Quando há possibilidade de remoção completa, a cirurgia é o único procedimento que permite curar a lesão. Porém, só deve ser realizada em lesões acessíveis, cujo risco cirúrgico seja baixo e inferior ao benefício da intervenção. Podem também ser submetidos a cirurgia os doentes que apresentem défices neurológicos, ou que tenham epilepsia refratária ao tratamento médico, sendo esta a principal manifestação dos cavernomas. Vítor Moura Gonçalves acrescenta, ainda, que a cirurgia também se recomenda nos casos de doentes com hemorragias frequentes e reincidentes.

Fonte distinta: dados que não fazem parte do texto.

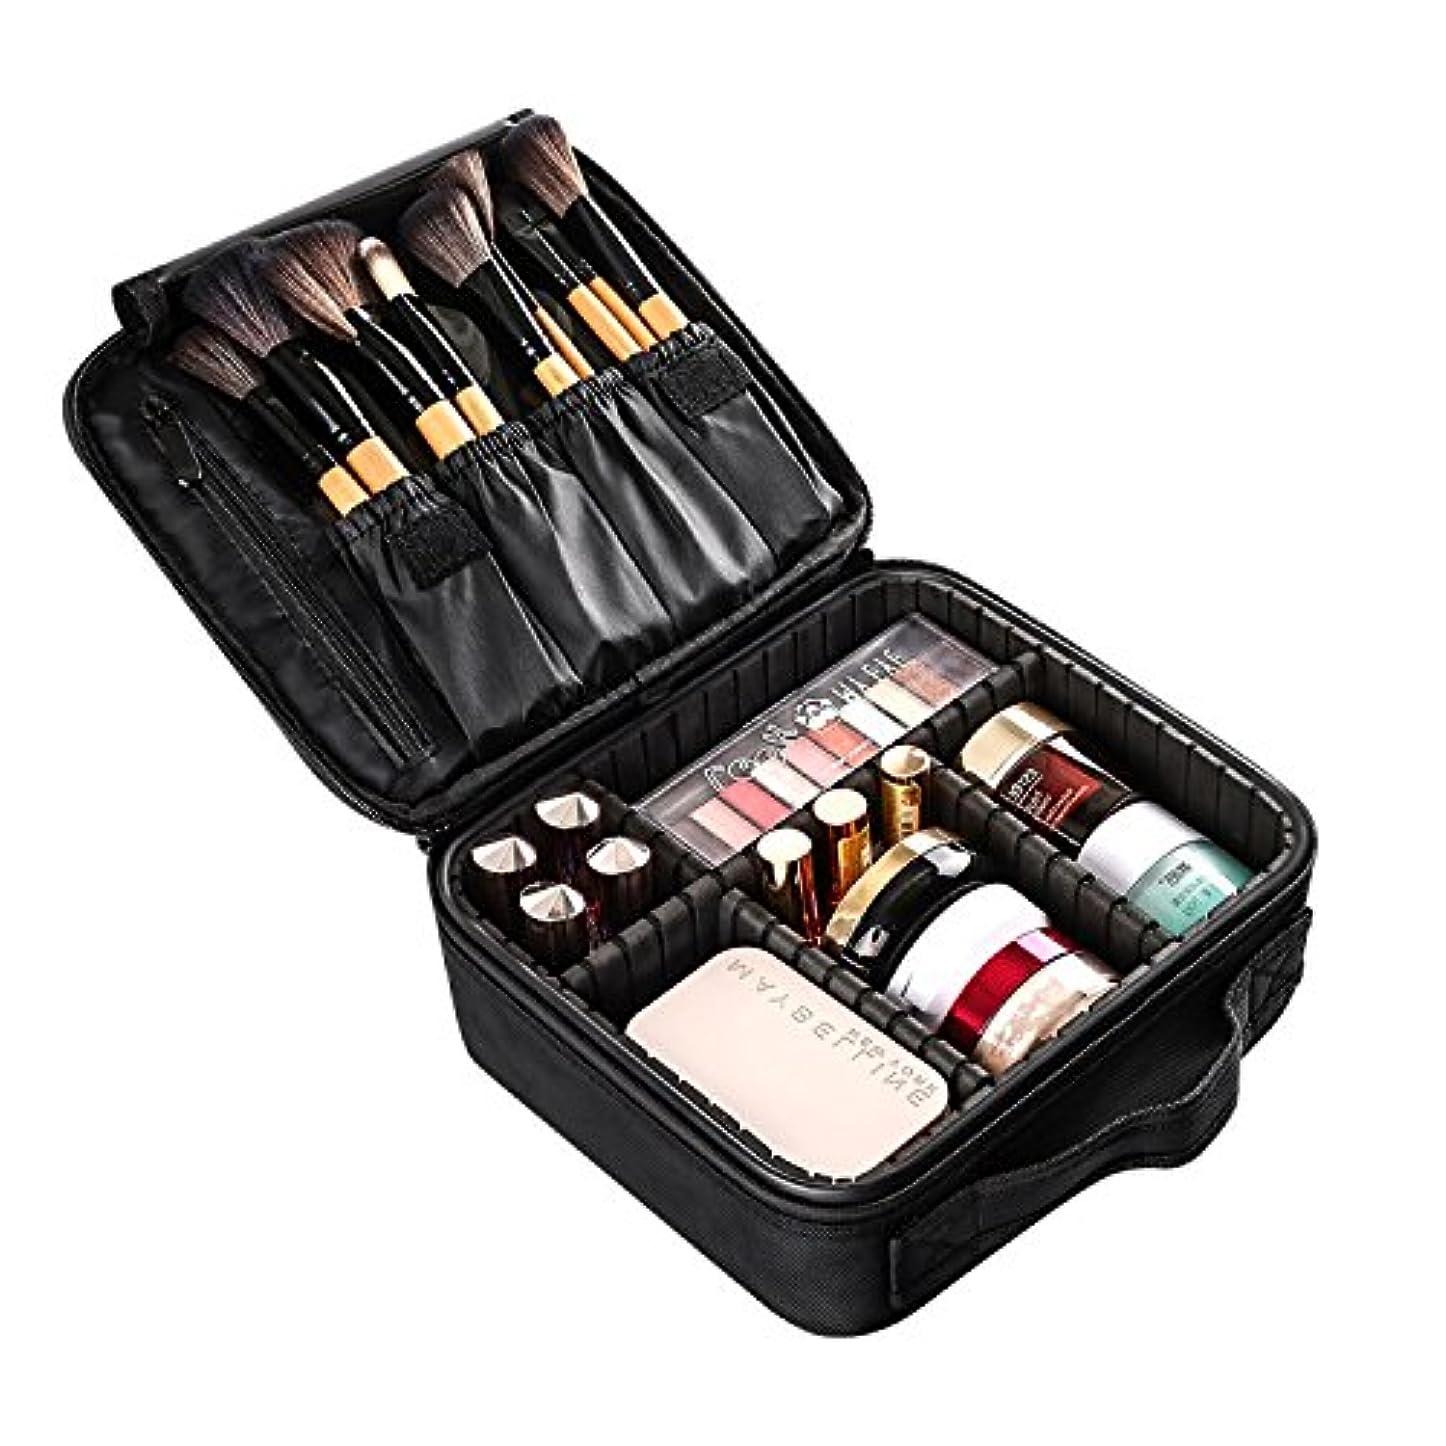 原子炉評価する忘れっぽいELOKI プロ用 メイクボックス 高品質 收納抜群 大容量 化粧バッグ 置き方が調整できる 旅行 家用に大活躍な化粧箱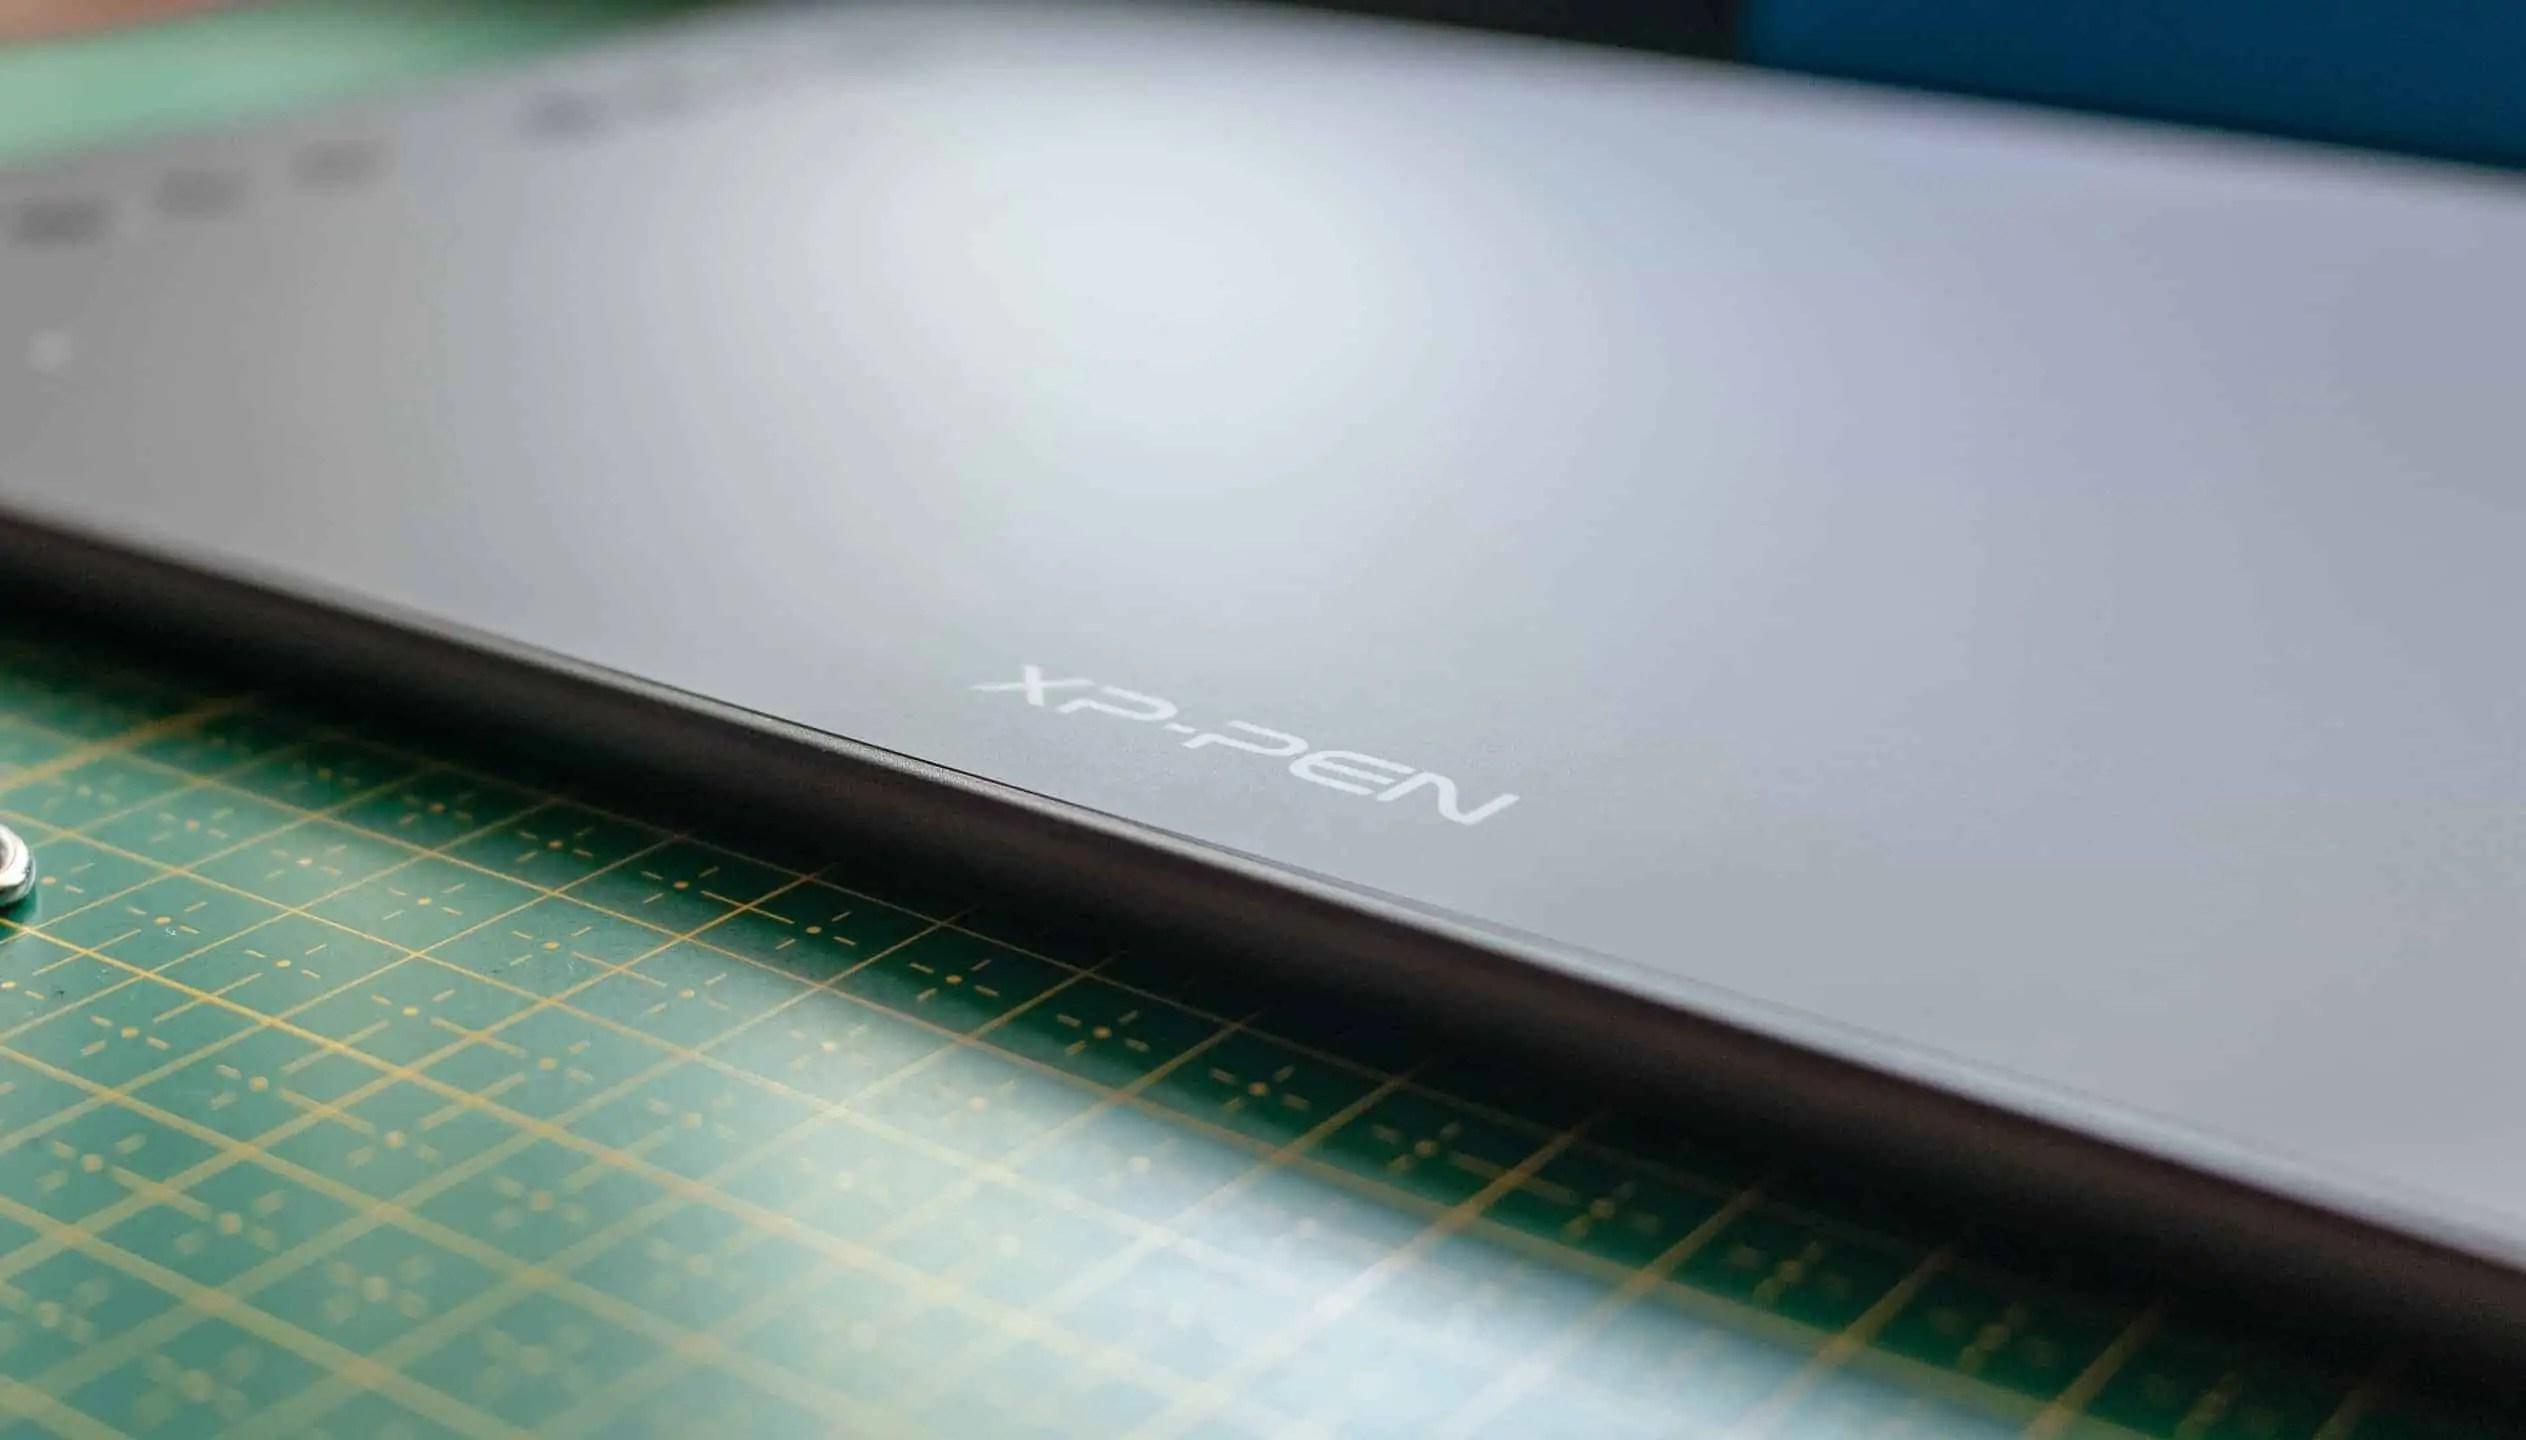 Prosty tablet graficzny do rysowania powierzchnia - Praca z tabletem graficznym XP PEN Deco 01 v2

Questionado relativamente ao pós-operatório de doentes com cavernomas, Vítor Moura Gonçalves afirma que segue vários doentes que foram submetidos a cirurgia e que, hoje em dia, “levam uma vida perfeitamente normal, sem qualquer tipo de limitação”. “O risco depende, sobretudo, da localização e do tamanho da lesão, e se está a causar défice neurológico ou sintomas intratáveis, mas quando os doentes são abordados cirurgicamente é porque o caso exige.”
Apesar de, na generalidade dos casos, o risco de hemorragia ser muito baixo, o neurocirurgião salienta que existem situações mais graves, de doentes com lesões múltiplas ou localizadas em zonas funcionalmente importantes, que têm indicação para tratamento cirúrgico. Nestas circunstâncias, o “risco de surgirem défices neurológicos permanentes poderá atingir cerca de 20% dos casos, e o risco de mortalidade, de 5%, também não é desprezível”. Ainda assim, estes constituem uma minoria dos casos, conclui.